Là, pour la modique somme de 40€, vous avez le sauna compris, mais dans la chambre. Une vraie canicule le 1er juin et rien que pour vous ! Quelle chance ! Vous voulez prendre une douche ? Mais bien sûr, je vous en prie : quand vous vous serez habitué à l'odeur de refoulement des canalisations, vous apprécierez peut-être les robinets à l'ancienne, que même chez vous vous n'avez plus ça, et le pommeau qui s'obstine à viser le plafond de son beau jet cracheur, avec le rideau qui vous collera à la peau. Après cela, vous serez d'autant plus content de sortir de la douche et de vous retrouver dans une salle de bain littéralement inondée.

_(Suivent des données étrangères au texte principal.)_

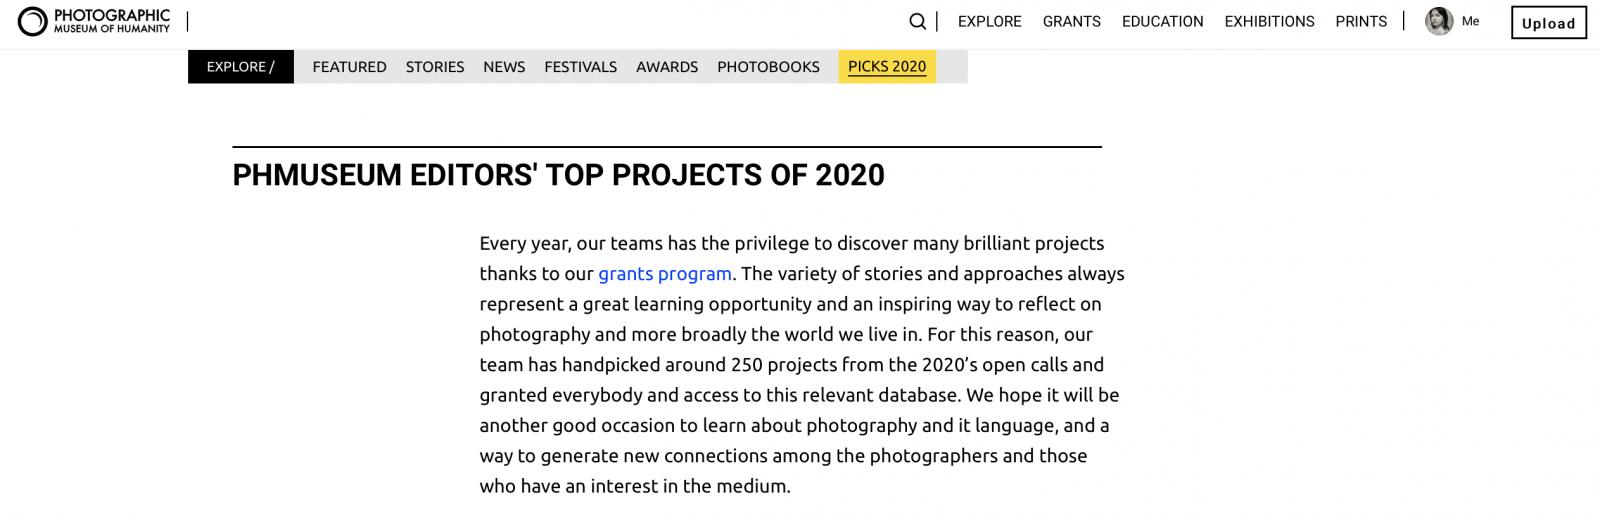 Photography image - Loading Screen_Shot_2020-12-17_at_7.49.26_PM.png
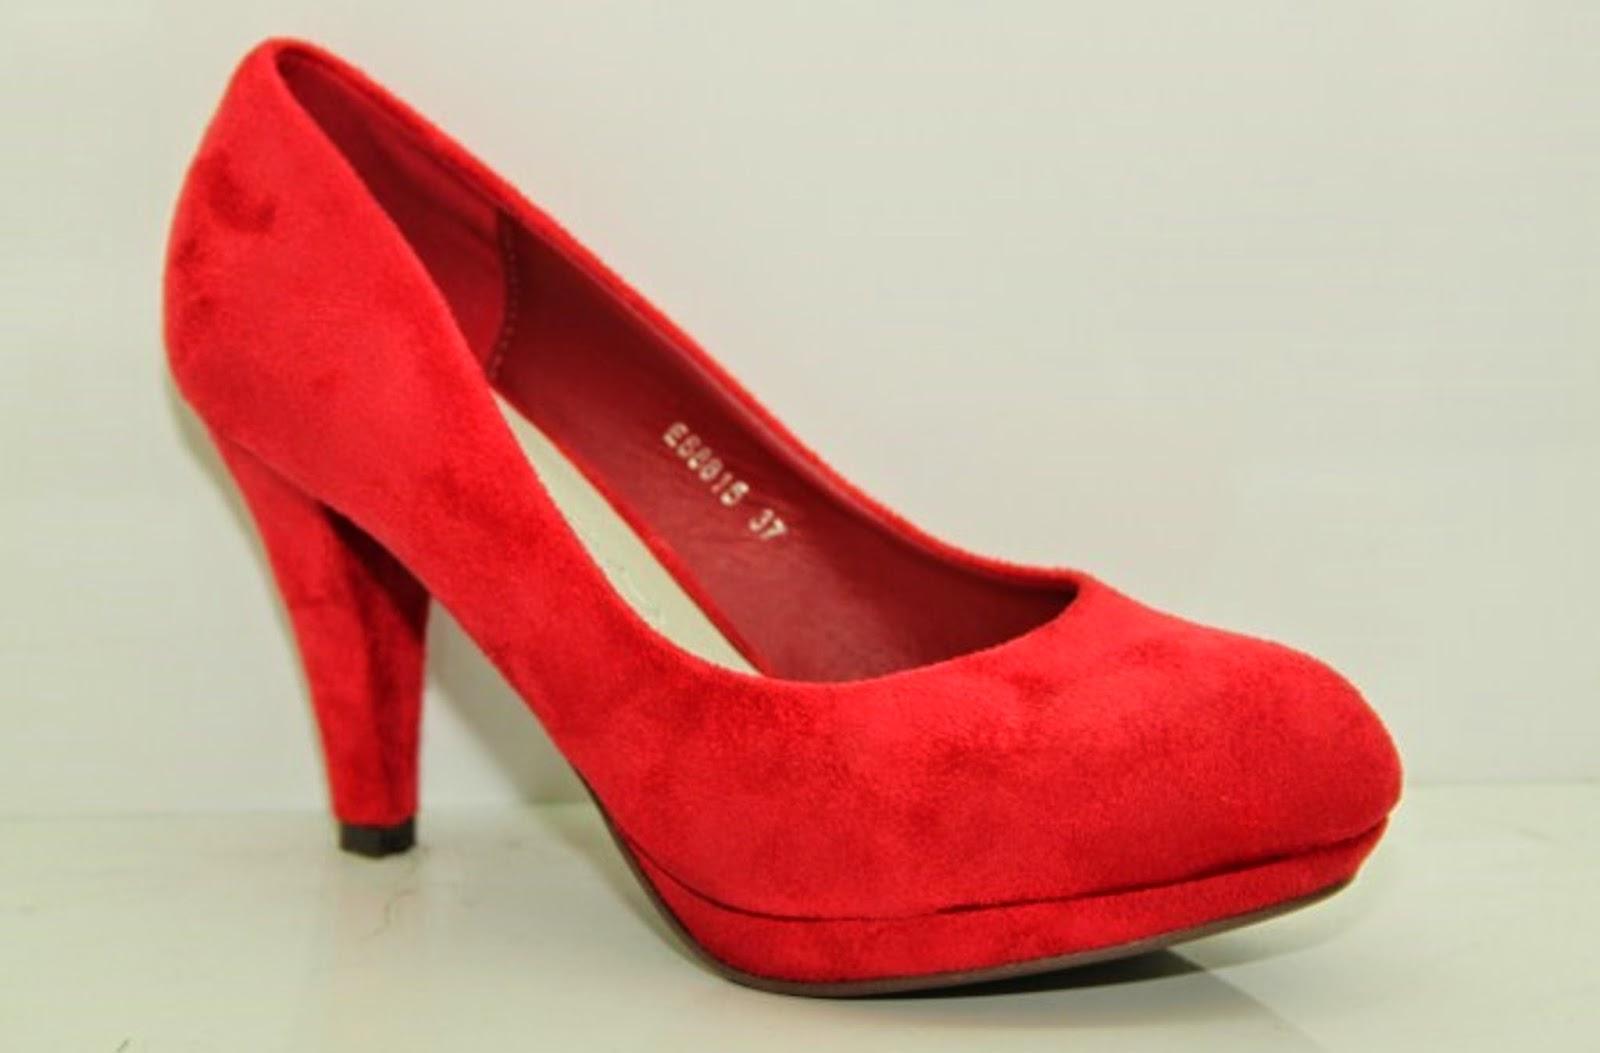 http://www.ebay.fr/itm/chaussures-femme-escarpins-vert-bleu-marron-taupe-noir-rouge-36-37-38-39-40-41-/301472806726?ssPageName=STRK:MESE:IT

     Je vous passe la joie de vous retrouver là en même temps qu'une équipe de foot junior, ainsi que le doux bruit de l'autoroute voisine qui bercera toute votre nuit. Heureusement, vous aurez prévu les boules Quiès, et avec un peu de chance, vous entendrez même le réveil le lendemain matin.

Je vous passe aussi le pompon : le gérant plutôt désagréable et qui ne s'excuse même pas de vous avoir fait attendre 10 minutes au guichet.


     Mais je ne me suis pas laissée abattre, et j'ai appelé super frangine au secours : « Frangine, sors-moi d'là !!! ». Ni une ni deux, elle m'a dégottée une chambre chez l'habitant, genre pension de famille. Pourquoi « genre » ? Non, la pension de famille comme on se l'imagine, point par point, vie en communauté et tout le tralala, le jeune prof qui fait sa première année et qui a une gouaille d'enfer,  les étudiants étrangers, l'un chinois, l'autre... euh... je ne sais pas, je n'ai même pas saisi son nom, le fils de la famille que je ne fais qu'apercevoir (et dont je me demande s'il m'a seulement dit bonjour) et les propriétaires, baba-cool-écolo, militants à fond pour les européennes (affiches, meeting et même l'inscription sur la voiture encourageant à voter). N'oublions pas le bol de soupe maison gracieusement offert. Le tout dans une ambiance bon enfant et qui met tout de suite à l'aise. Tellement à l'aise que la soirée se termina en parties de tarot arrosées de cidre (ben quoi ? ça tourne la tête aussi, le cidre !). Et puis surtout, j'ai gagné, je tiens à ce que cela soit dit. La preuve en est que je peux être sociable (mais pas trop souvent, faut pas pousser...)


     Bref, au cas où ça ne serait pas évident, je suis plutôt satisfaite du changement... On se demande pourquoi !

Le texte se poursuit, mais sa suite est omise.